В конце концов, сами законы детективного жанра (не говоря уже о пронизывающей текст иронической интонации) подрывают доверие к патетическим разглагольствованиям героя.
Наивный Смык выполняет в повести функции доктора Ватсона, чьи догадки оказываются набором нелепых заблуждений. Но если его детективные потуги опровергаются сотрудниками ЧК, в тексте не находится Холмса, который мог бы продемонстрировать соответствующую абсурдность и его идеологических воззрений.
Роль такого Холмса предлагается исполнить читателю.
==================================
Если в повести Юрия Смолича «Півтори людини» жанровые условности, точнее, холмсовско-ватсоновская детективная модель, подчёркивает идейную неоднозначность, то в другом Смоличевом произведении из антологии «Постріл на сходах», «Господарство доктора Гальванеску», сам жанровый коктейль, в котором элементы детектива и научной фантастики смешаны с хоррором, представляется идеологически невыдержанным. Осмелюсь предположить, что эта повесть не стала объектом нападок в связи с классово чуждыми соцреализму ужасами только из-за незнакомства советских критиков с соответствующей традицией.
Но насколько знаком был с нею сам Смолич- и был ли? Во всяком случае, завязка событий здорово напоминает вступительные главы «Дракулы» Брэма Стокера. Примечательно, что героиня повести Юлия Сахно, коммунистка и спортсменка (что до внешности героини, то довольно точное представление о ней даёт портрет работы Георгия Малакова из издания 1965-го года), является гражданином советской Украины, но при этом приезжает в имение доктора Гальванеску, раскинувшееся неподалёку от румынского Рени, из Берлина- то есть следует приблизительно по тому же направлению, что и Джонатан Харкер, прибывший в Трансильванию, в гости к графу Дракуле, из Мюнхена.
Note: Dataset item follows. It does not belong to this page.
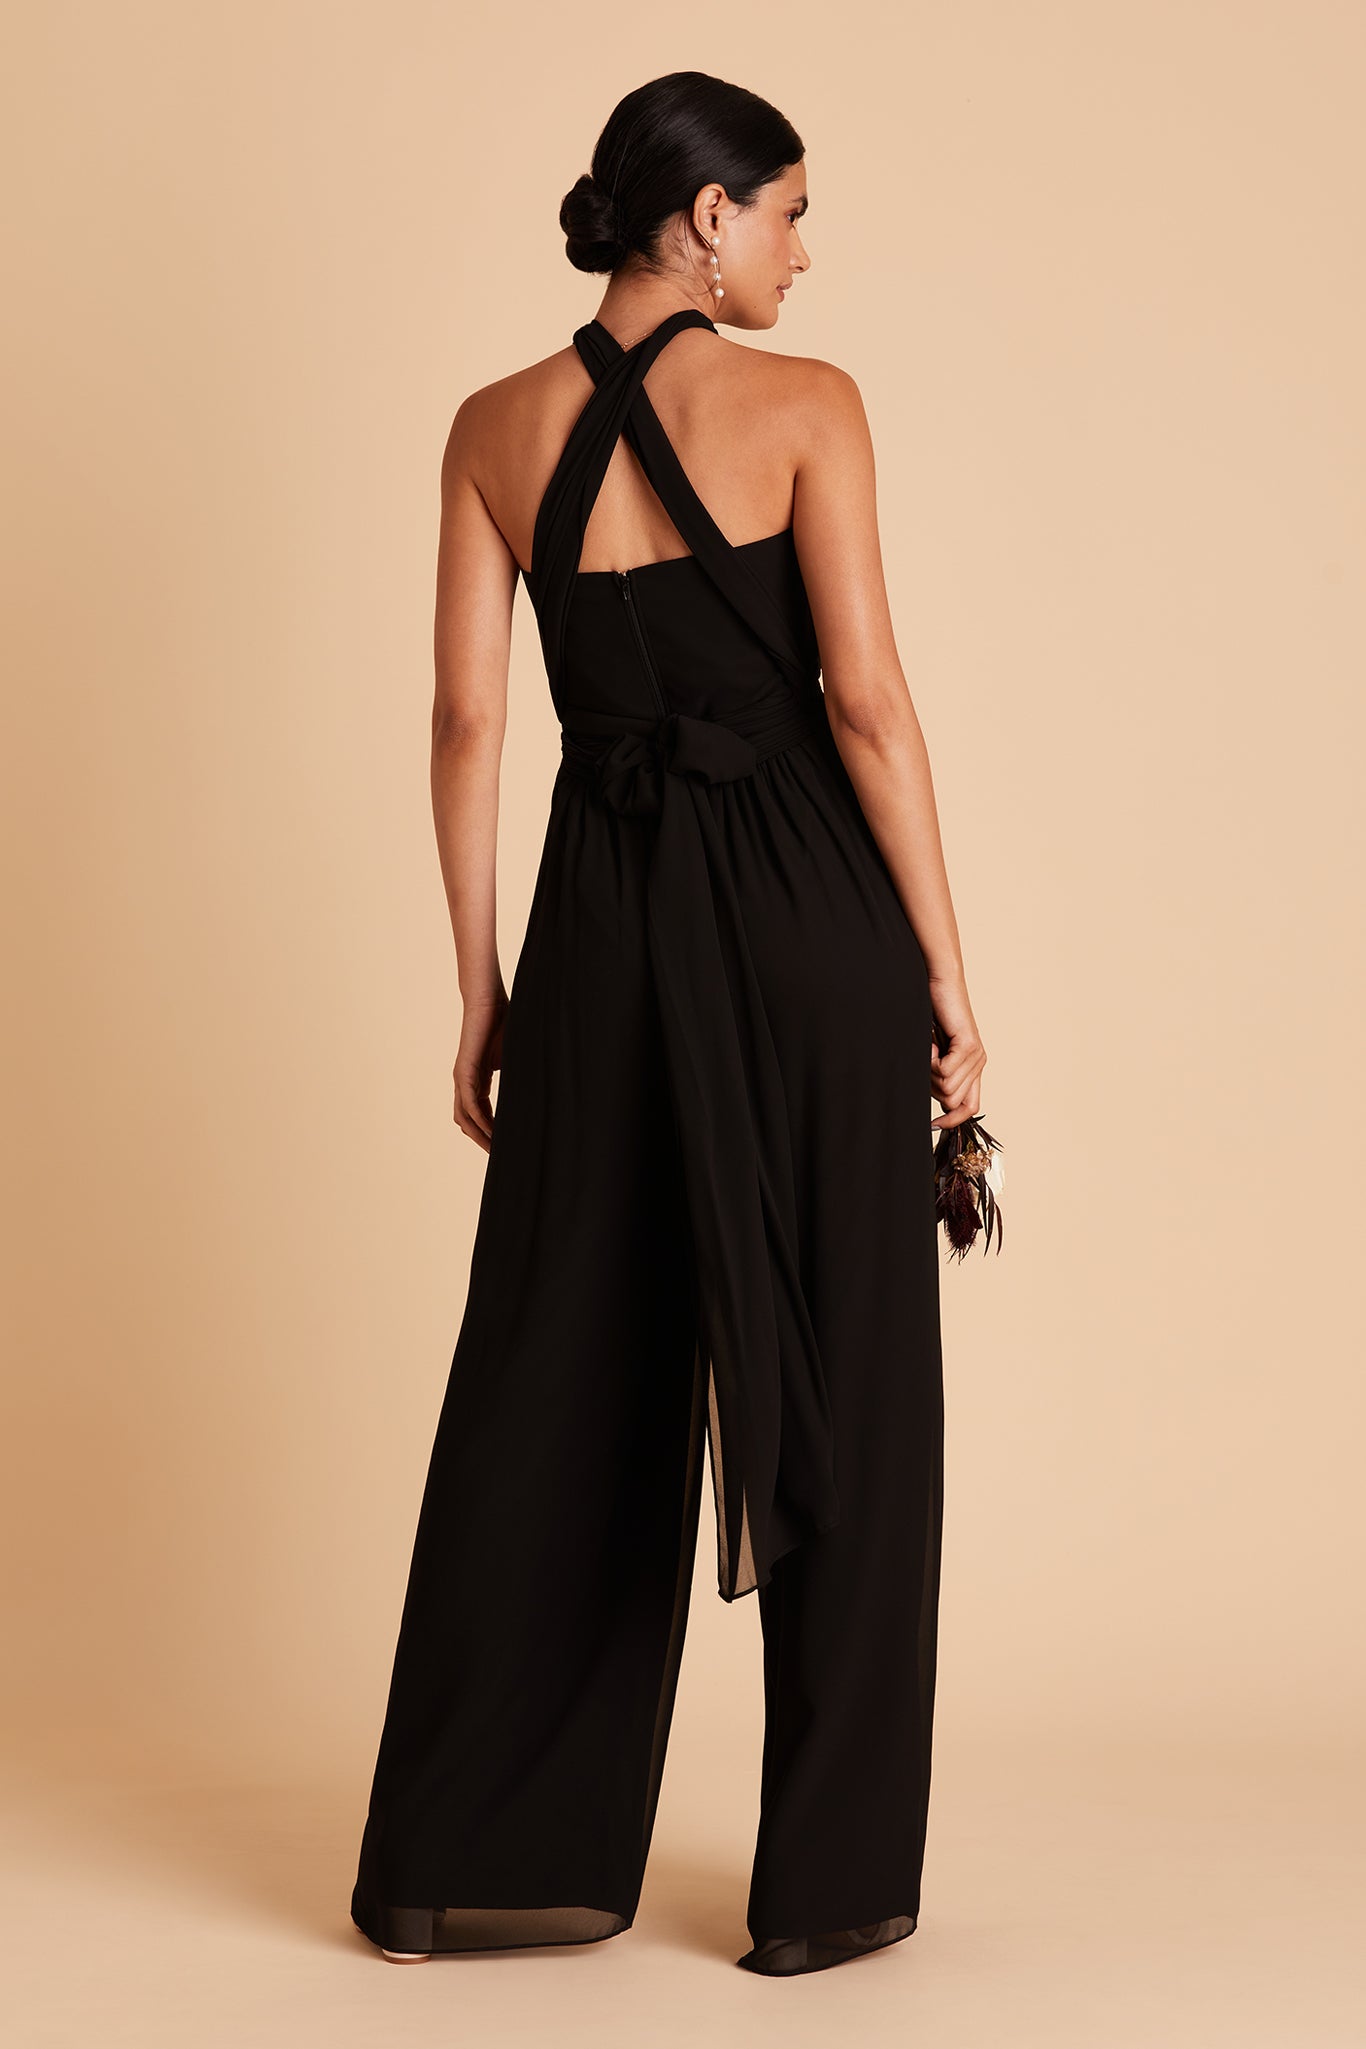 Gigi convertible jumpsuit in black chiffon by Birdy Grey, front view

Покинув чинный оплот западной цивилизации, Сахно, подобно Харкеру, оказывается в краях экзотического варварства, где ей приходится убедиться в правдивости самых диких россказней местных жителей (которые героиня Смолича, как и герой Стокера, поначалу выслушивает со смесью снисходительности и досады).
При этом на востоке от места действия, следуя логике автора «Господарства», варварство не усугубляется, а сменяется в одночасье возникшей твердыней новой цивилизации. Эта цивилизация как бы симметрична западной относительно полуфеодальной Румынии- и при этом успешно противостоит ей. Ведь если западная потворствует румынским беззакониям, то «наша в Румынии» с отвагой и ловкостью опытного диверсанта кладёт этим беззакониям конец.
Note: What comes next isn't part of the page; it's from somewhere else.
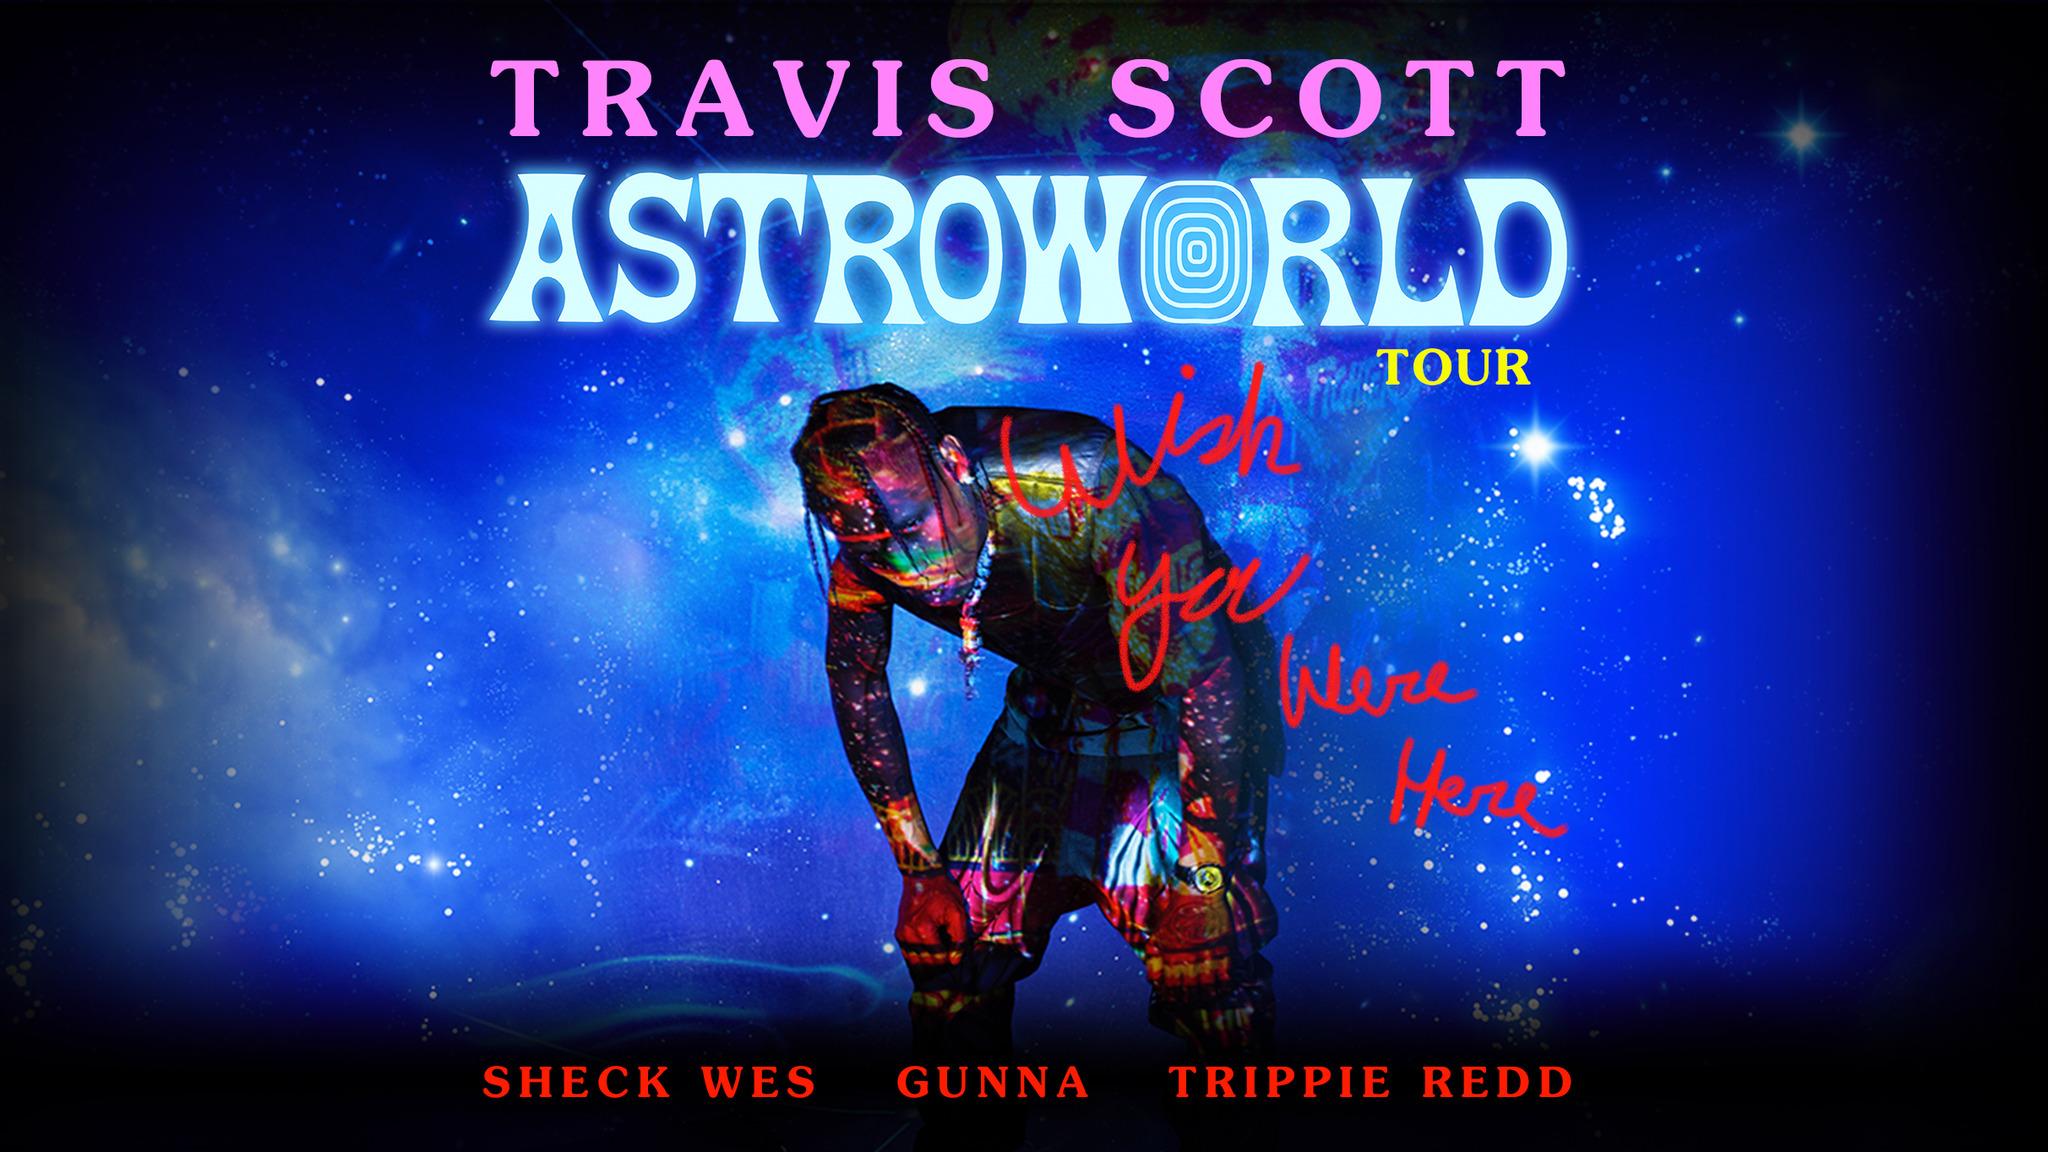 Astroworld Mac Wallpapers

Между тем, несмотря на свою аристократическую стать и принадлежность к румынской нации с её специфическими, как известно поклонникам окологотической литературы, представлениями о гостеприимстве (сам Гальванеску отпускает на этот счёт очаровательную в своём цинизме остроту: «Традиції гостинності, які свято шанує народ, що до нього я маю нещастя належати, не дозволяють мені відмовити вам, якщо ви вже переступили поріг моєї господи») доктор Гальванеску всё-таки не вампир. Однако он отнимает жизни с тою же лёгкостью, что и викторианский кровопийца (при том, что, в отличие от настоящих упырей, вовсе не испытывает в своих злодеяниях жизненной необходимости) и с таким же пренебрежением относится к своим жертвам, воспринимая их не как ближних, а как аналог скота, распоряжаться которым он имеет полное право.
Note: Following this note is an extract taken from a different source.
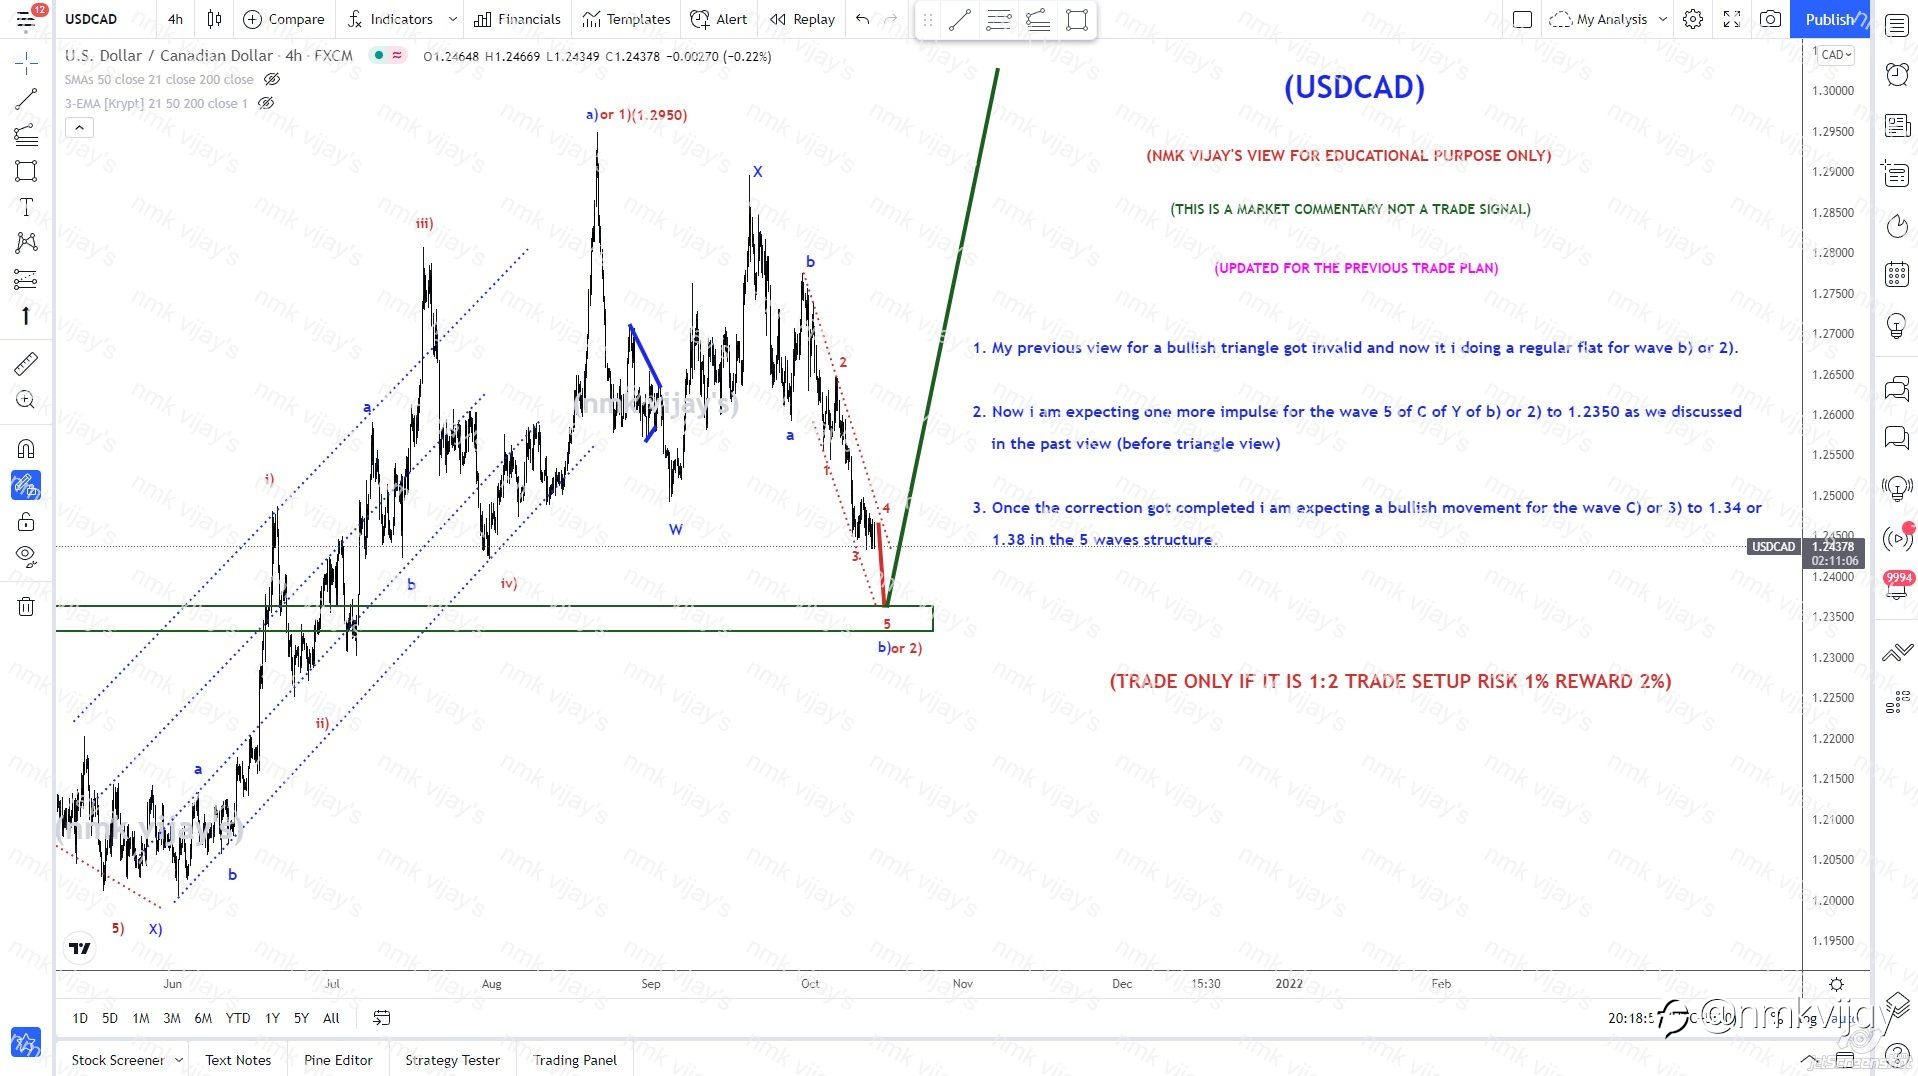 USDCAD-Flat correction going to complete @ 1.2350 and then 1.34?

Собственно, он и превращает их именно в идеальный, безотказный и выносливый, рабочий скот, точнее- в зомби. Зомби в их изначальном, гаитянском понимании- работоспособных мертвецов, послушных воле хозяина (и при этом, как предстоит убедиться Сахно, неуязвимых для пуль). Сам Гальванеску называет их «живими трупами, мертвою плоттю», хотя технически они, быть может, являются скорее живыми людьми, превращёнными благодаря операции, в ходе которой извлекаются внутренние органы и выкачивается кровь (ещё одна вампирская аллюзия), в роботов. На столь необычную идею доктора вдохновило неверие в то, что настоящие роботы, «залізні йолопи, що раз у раз псуються», способны в должной мере помочь человечеству в набирающем обороты научно-техническом прогрессе. Любопытно, что сомнения Гальванеску в применимости искусственных помощников в капиталистическом производстве вскоре найдут подтверждение в произведениях другого основоположника украинской советской фантастики, Владимира Владко.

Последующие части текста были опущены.